A topic by Internet Janitor created Jan 14, 2023 Views: 1,209 Replies: 10
Viewing posts 1 to 10
Developer (1 edit) (+2)

If you're reading this, there's a good chance you enjoy Decker and would like to see it continue to flourish. There are many ways for users of all skill levels and areas of expertise to contribute to a vibrant ecosystem of diverse and wonderful creations:

Tell your friends about Decker! If you know someone who might enjoy it, please spread the word.

Share neat stuff you've made. Your work can spark creativity in others by showing them what's possible. Get experimental! Maybe you could build:

  • A visual novel.
  • An escape-the-room game.
  • A random generator for storytelling or decision-making.
  • An interactive recipe book.
  • A greeting card for a friend.
  • A board game.
  • A calculator that automates one of your daily tasks.
  • A "demake" or re-imagining of an existing website, tool, or piece of media you like.
  • An interactive explanation of a topic you find interesting or meaningful.

Write a tutorial. Sometimes writing a step-by-step explanation of how to do something is a great way to improve your own understanding.

Record a stream or a video working with Decker, and show new audiences how easy Decker is to use! If you stream, make sure you save the VOD somewhere for posterity.

Make some new fonts for Decker, or adapt your favorite existing bitmapped fonts. Consider adding your work to the Decker Fonts repository maintained by 1jss.

Prepare a collection of clip art or background templates to help other creators make snazzier cards. You could store clip art as plain images for easy drag-and-drop importing or store them as a deck, for easy copying and pasting.

Write some tools! Whether they're made in Decker itself or entirely external, you could open up whole new possibilities for other Decker enthusiasts!
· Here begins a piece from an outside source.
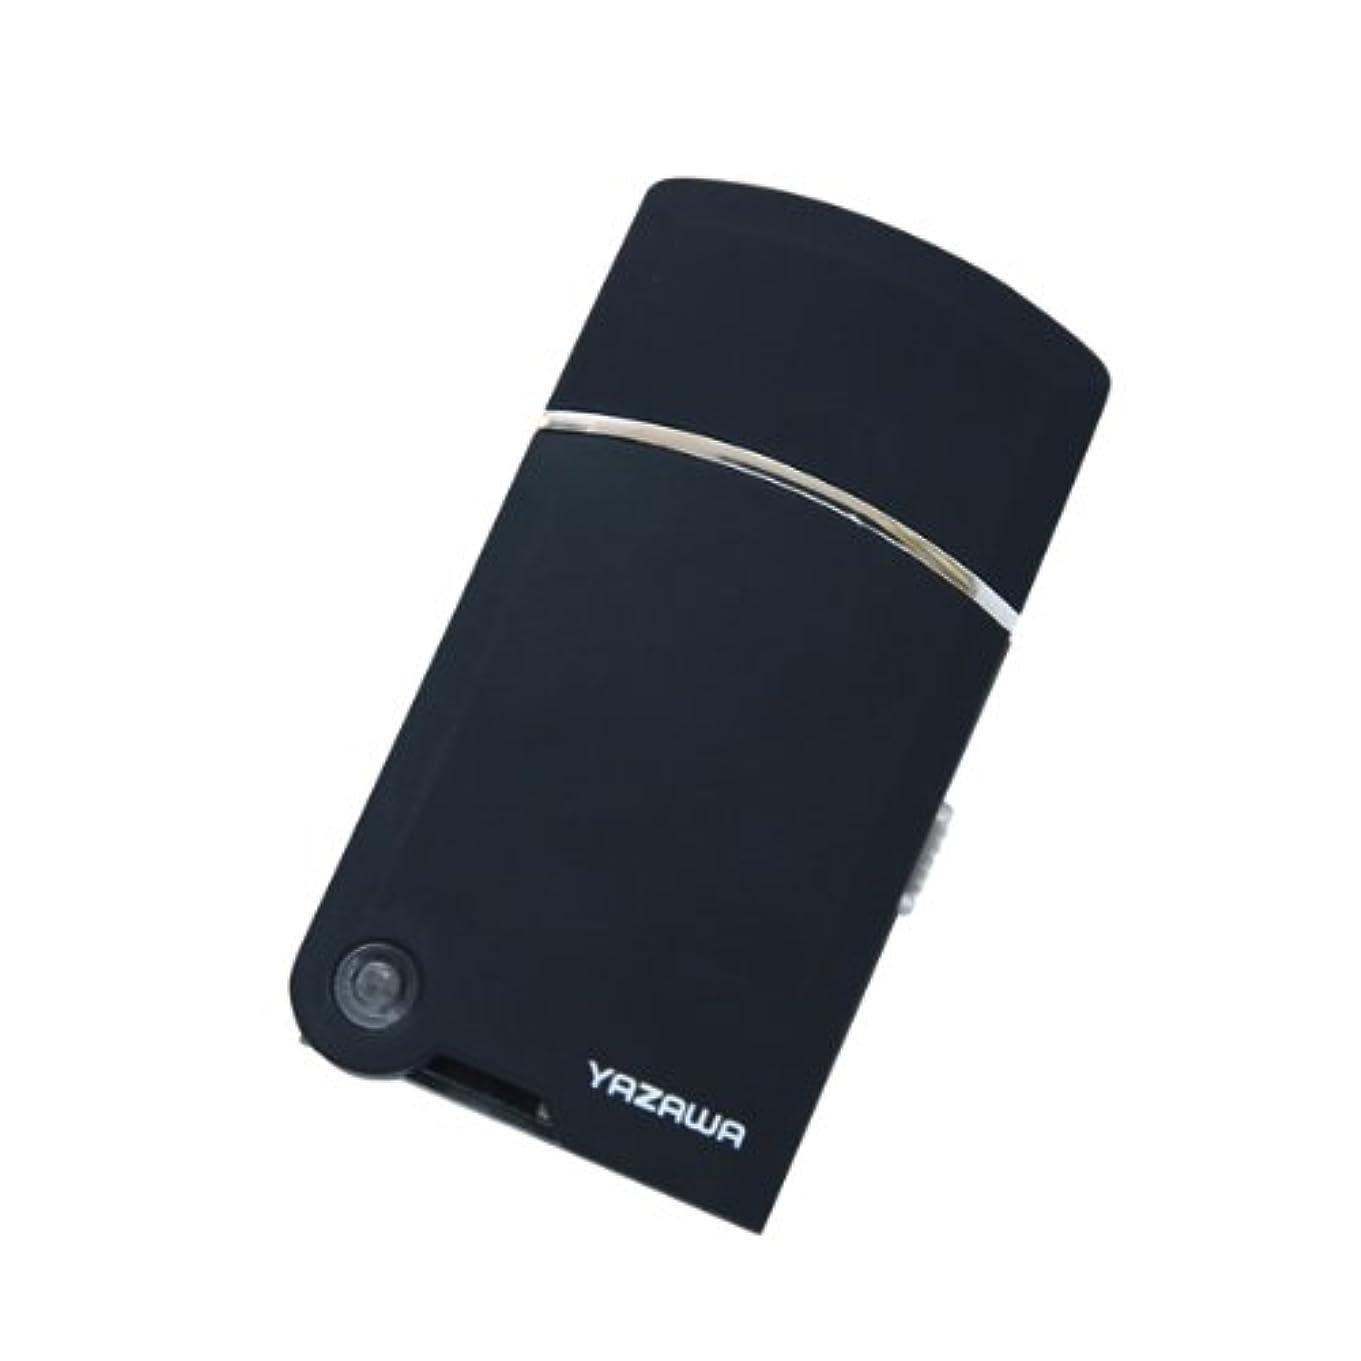 レイアスパンスラムヤザワ トラベルUSBシェーバー USB充電式 掃除用ブラシ付き TVR08BK

Some ideas:

  • An editor for Decker patterns.
  • A tool for converting existing fonts (TrueType or otherwise) into Decker-compatible fonts.
  • A sound effect generator, perhaps something like sfxr.
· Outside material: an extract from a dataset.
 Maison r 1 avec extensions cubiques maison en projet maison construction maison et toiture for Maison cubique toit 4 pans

Write some modules! Decker comes with several example modules (plot, zazz) that simplify complex tasks in Lil scripts. Here are a few ideas for new ones:

  • A module of easing functions for animation.
  • A module that can convert data into a QR code and draw it on a canvas.
  • A module that can parse and evaluate D&D-style dice notation like "1d4+1"
  • A module for date/time manipulation.
  • A module for unit conversion.
  • A module with more fancy transition functions.

Build some contraptions! Contraptions are reusable "custom widgets" that can save time and radically extend the range of things users can build in Decker while writing little or no code. Here are a few ideas:

  • Date or time pickers
  • Color or pattern pickers
  • Utilities like timers or unit converters
  • Slide templates for presentations
  • Board game elements like spinners or die rollers
  • Decorative borders or resizable background elements
  • Animated decorations

You're always welcome to share or link to your creations in this forum. If you're the kind of person who prefers Discord, there's also the #decker channel on the Fantasy Consoles Discord. (I'm not an admin on that server, but it seems friendly.) If you share your projects on itch.io or a social media website, please consider adding a "#decker" tag to help people find it!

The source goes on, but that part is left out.